Why do you think female authors and protagonists are so important to the future of sci-fi?
“I think female authors and protagonists are essential to the future of SciFi because, really, they are essential to the future. The female mind is just built differently than the male one, is more collaborative, faster to make nonlinear decisions, better and handling complex multithreaded tasks. It’s how we are built. It’s exactly these sorts of minds that our future world will need. We are living in a global economy, one that is pushing toward interstellar flight and habitation. In these situations having women making quick decisions will be key to our future success as a species.

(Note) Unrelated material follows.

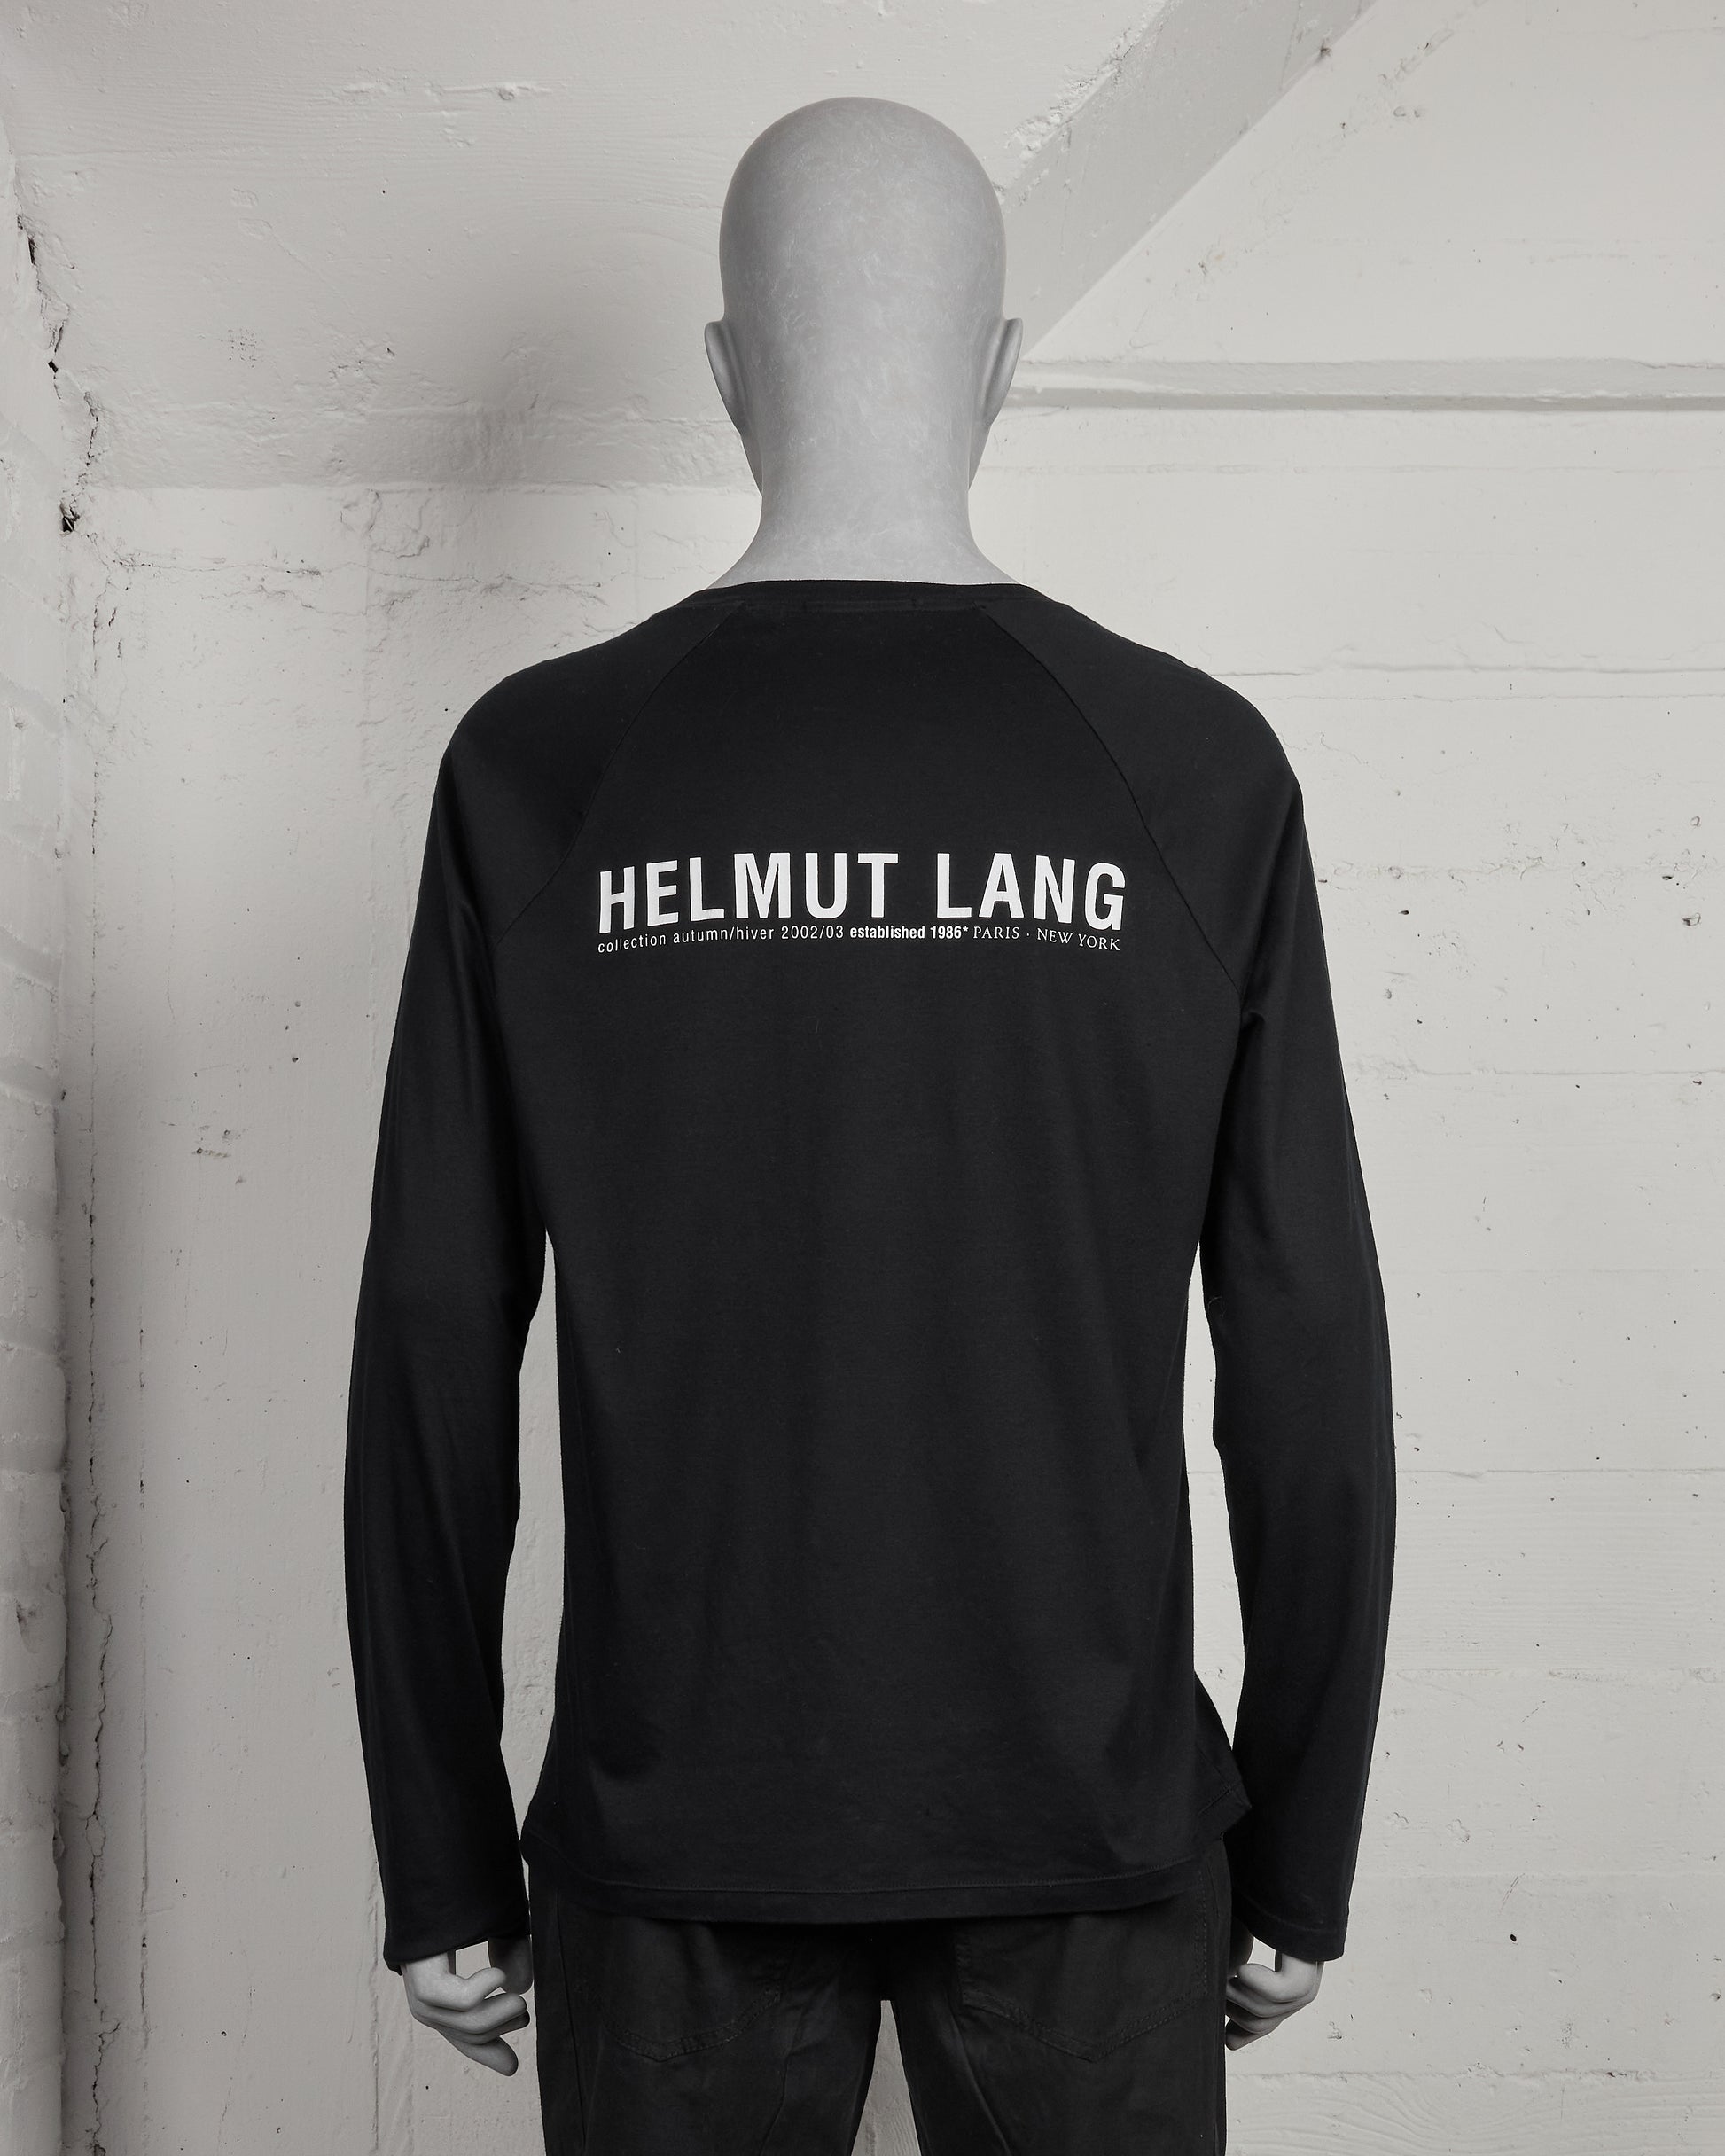 Helmut Lang Is Back

Now how do you build a future populated with strong, stakeholder women making important decisions that will diversify our people and spread them amongst the stars? You plant the seeds of inspiration in today’s fiction. In some way I think that we are creating the literature that will inspire the next generation (or even that beyond the next) of women to dream of being the leaders and the achievers. That is a powerful position to be in as a creator. We can build worlds that get the future of our reality jump started.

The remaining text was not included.